EfficientNet outperforms the other networks of comparable size on image classification. The YOLOv4 authors posit, however, that the other networks may work better in the object detection setting and decide to experiment with all of them.

Based on their intuition and experimental results (aka A LOT of experimental results), the final YOLOv4 network implements CSPDarknet53 for the backbone network.

YOLOv4 Neck - Feature Aggregation

The next step in object detection is to mix and combine the features formed in the ConvNet backbone to prepare for the detection step. YOLOv4 considers a few options for the neck including:

  • FPN
  • PAN
  • BiFPN
  • ASFF
  • SFAM

The components of the neck typically flow up and down among layers and connect only the few layers at the end of the convolutional network.
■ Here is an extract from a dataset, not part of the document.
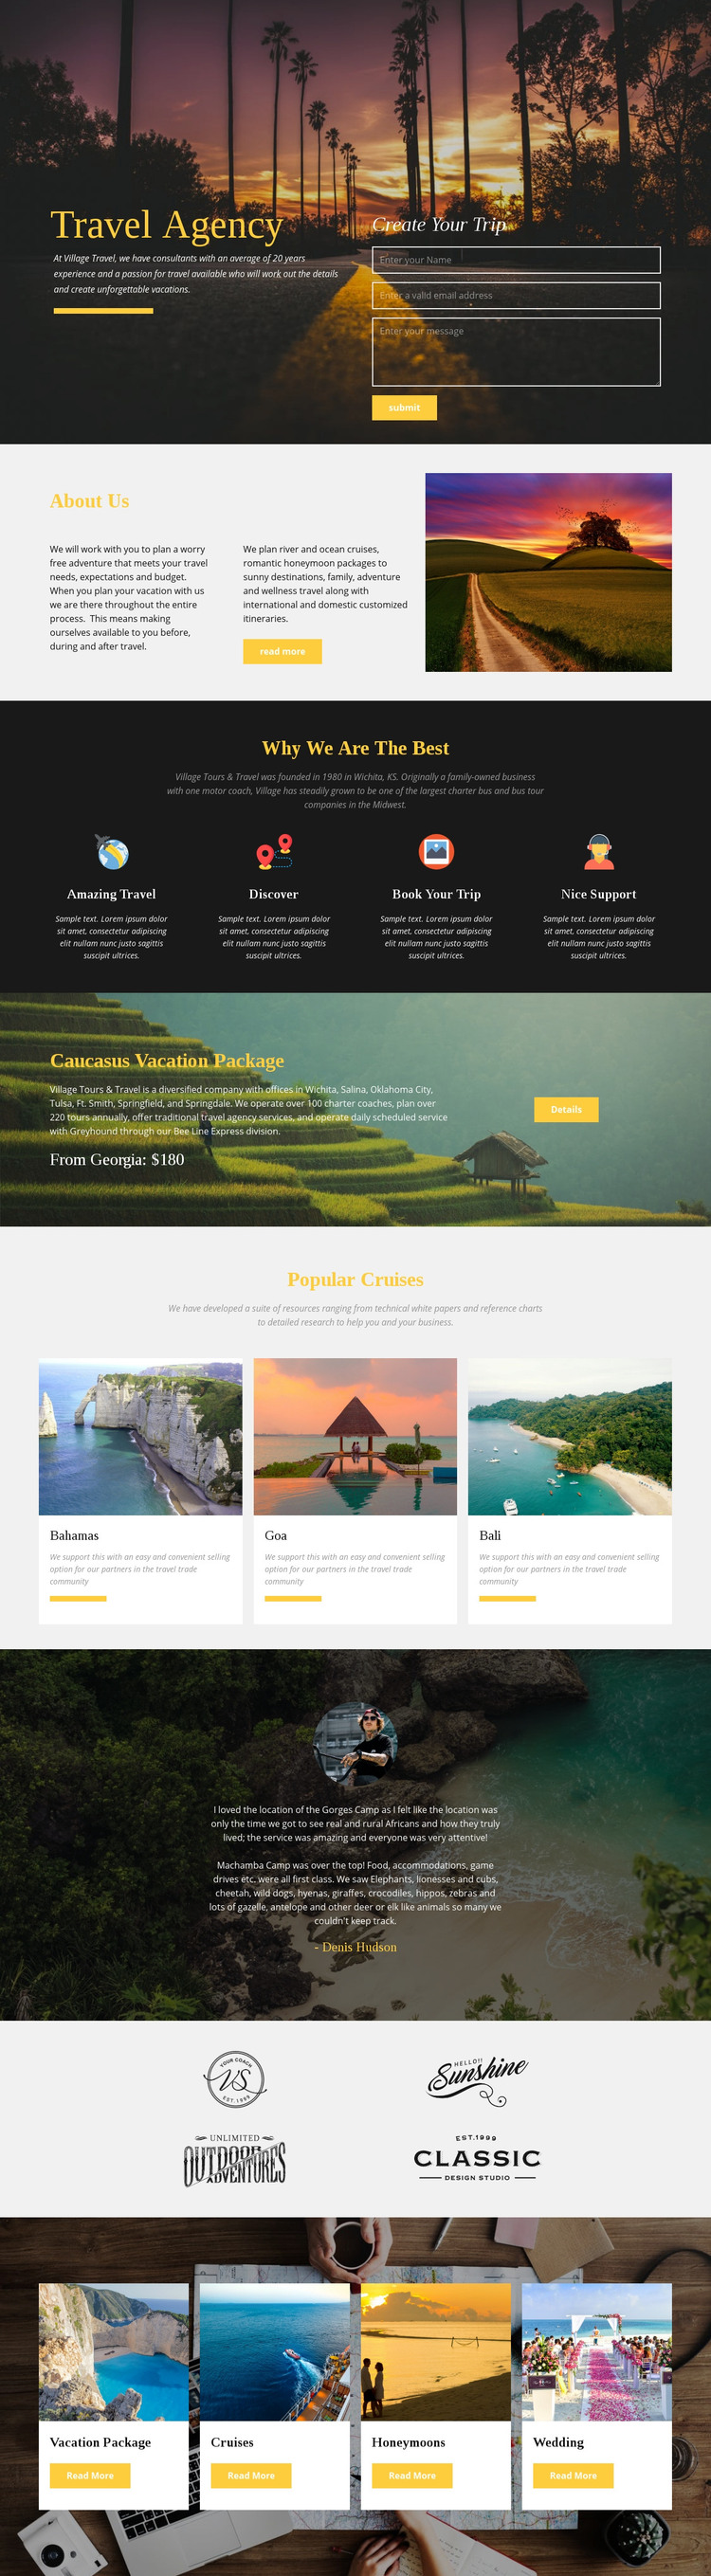 African safari tour company Homepage Design

(a) FPN (b) PANet (c) NAS-FPN (d) BiFPN, repeated blocks highlighted.

Each one of the P_i above represents a feature layer in the CSPDarknet53 backbone.

The image above comes from YOLOv4's predecessor, EfficientDet. Written by Google Brain, EfficientDet uses neural architecture search to find the best form of blocks in the neck portion of the network, arriving at NAS-FPN. The EfficientDet authors then tweak it slightly to the make the more architecture more intuitive (and probably perform better on their development sets).

YOLOv4 chooses PANet for the feature aggregation of the network. They don't write much on the rationale for this decision, and since NAS-FPN and BiFPN were written concurrently, this is presumably an area of future research.

Additionally, YOLOv4 adds a SPP block after CSPDarknet53 to increase the receptive field and separate out the most important features from the backbone.

YOLOv4 Head - The Detection Step

YOLOv4 deploys the same YOLO head as YOLOv3 for detection with the anchor based detection steps, and three levels of detection granularity.

Setting anchor locations where YOLOv4 looks most centrally for output positions in the output
Dense Prediction visualization

That's all for architecture! Now onto the YOLOv4 Bag of Freebies and Bag of Specials.

YOLOv4 - Bag of Freebies

YOLOv4 employs a "Bag of Freebies" so termed because they improve performance of the network without adding to inference time in production. Most of the Bag of Freebies have to do with data augmentation. We wrote an in depth dive into the specifics of Data Augmentation in YOLOv4, and will summarize the techniques here. Using data augmentation in computer vision is very important, and we highly recommend it to get the most performance out of your models.

The authors of YOLOv4 use data augmentation to expand the size of their training set and expose the model to semantic situations that it would not have otherwise seen.

(a) Crop, Rotation, Flip, Hue, Saturation, Exposure, Aspect (b) MixUp (c) CutMix (d) Mosaic (e) Blur

Many of these strategies were already know to the computer vision community, and YOLOv4 is simply verifying their effectiveness. The new contribution is mosaic data augmentation which tiles four images together, teaching the model to find smaller objects and pay less attention to surrounding scenes that are not immediately around the object.

6 example images of mosaic augmentation

Another unique contribution the authors make in data augmentation is Self-Adversarial Training (SAT). SAT aims to find the portion of the image that the network most relies on during training, then it edits the image to obscure this reliance, forcing the network to generalize to new features that can help it with detection.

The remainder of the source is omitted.